Here is my current code:
A SerialMonitor class that can read the serial port and print out a specific amount of bytes once finding a set of "syncbytes"
# SerialMonitorTool.py
import threading
import time
import serial
class SerialMonitor(threading.Thread):
SYNC_BYTES = b'\x90\xeb'
def __init__(self, device='/dev/ttyUSB0', baudrate=115200, timeout=5):
print("Initializing Serial Monitor")
self._running = False
self._name = 'SerialMonitorThread-{}'.format(device)
self._device = serial.Serial(device, baudrate=baudrate, timeout=timeout)

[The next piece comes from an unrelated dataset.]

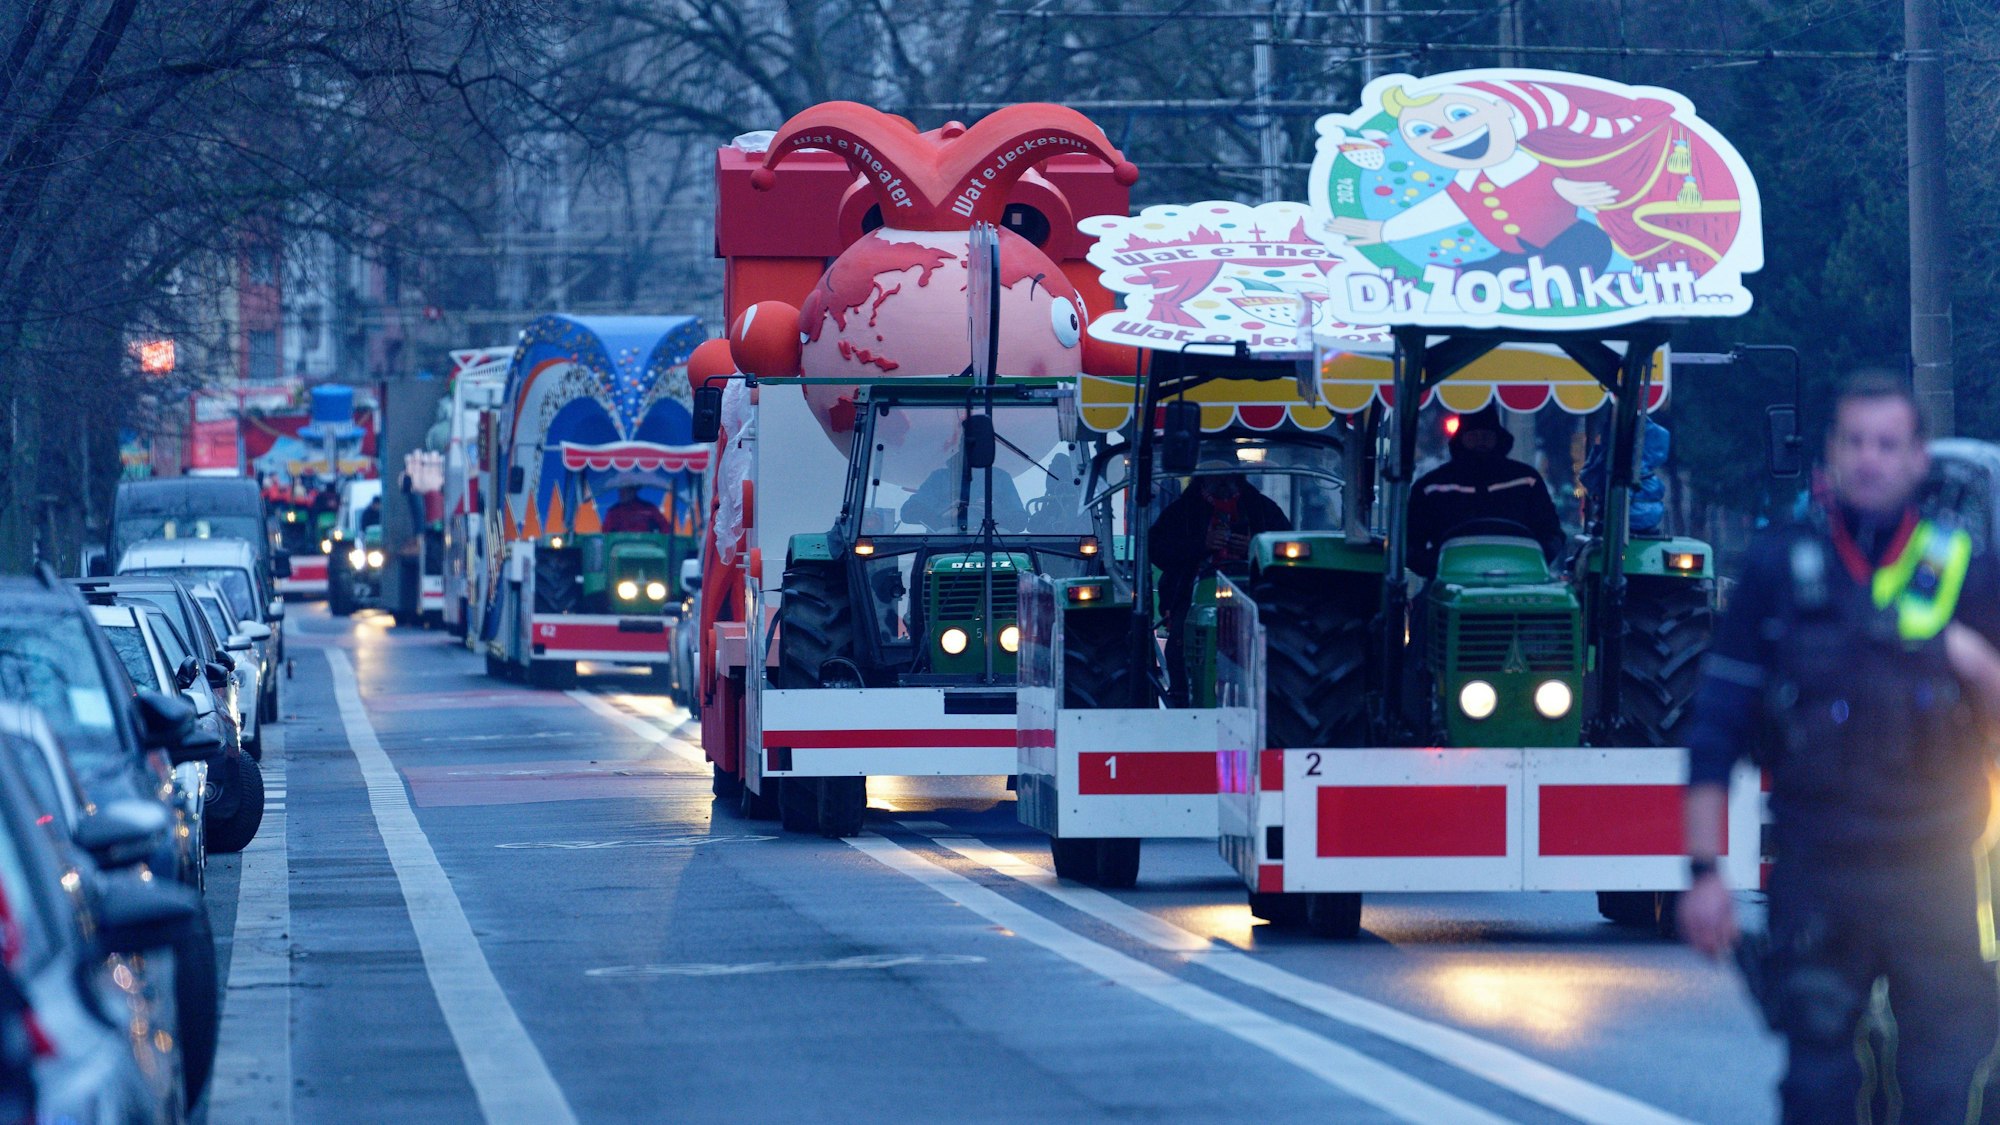 Die ersten Karnevalswagen fahren am frühen Morgen vor dem Rosenmontagszug zu ihrem Startpunkt.

self._write_lock = threading.Lock()
super().__init__(name=self._name)
def write(self, user_input, encode=False, terminator=None):
print("Locking for CMD Write...")
self._write_lock.acquire()
tx = user_input + terminator if terminator else user_input
print(f"Writing CMD to device: {tx}")
self._device.write(tx.encode() if encode else tx)
print("CMD Written...")
self._write_lock.release()
print("CMD Write Lock Released...")
def stop(self):
self._running = False
print('stop thread: ' + threading.current_thread().getName())
self.join()
def run(self):
print('starting thread: ' + threading.current_thread().getName())
self._running = True
try:
while self._running:
self._device.reset_input_buffer()
self._device.read_until(self.SYNC_BYTES)
ser_bytes = self._device.read(35)
print(f'\r{ser_bytes}', end='', flush=True)
time.sleep(0.25)
finally:
self._device.close()
and the main thread
# SerialMain.py
from SerialMonitorTool import *
cmdA = b'\x90\xeb\x01'
cmdB = b'\x90\xeb\x02'
monitor: SerialMonitor()
def print_help():
print('Usage: cmd [ a | b ]')
def send_cmd(cmd):
monitor.write(cmd)
def main():
monitor.start()
while True:
try:
user_input = input()
if user_input == '?' or user_input == 'h' or user_input == 'help':
print_help()
elif user_input == 'q' or user_input == 'quit':
break
elif user_input.startswith('cmd '):
cmd_type = user_input[len('cmd '):].split(' ')
if cmd_type[0] == 'a':
send_cmd(cmdA)
elif cmd_type[0] == 'b':
send_cmd(cmdB)
except Exception as e:
print(e)
monitor.stop()
def process_args():
# process arguments
import argparse
parser = argparse.ArgumentParser(description='Serial Test Tool')
parser.add_argument(
'-D', '--device',
help='Use the specified serial device.',
default='/dev/ttyUSB0',
type=str
)
global monitor
monitor = SerialMonitor()
if __name__ == "__main__":
process_args()
main()
Upvotes: 0
Views: 2845
Reputation: 34
It looks like there is issue in your write method, try to comment all the lock related code in write method or put lock syntax in below sequence.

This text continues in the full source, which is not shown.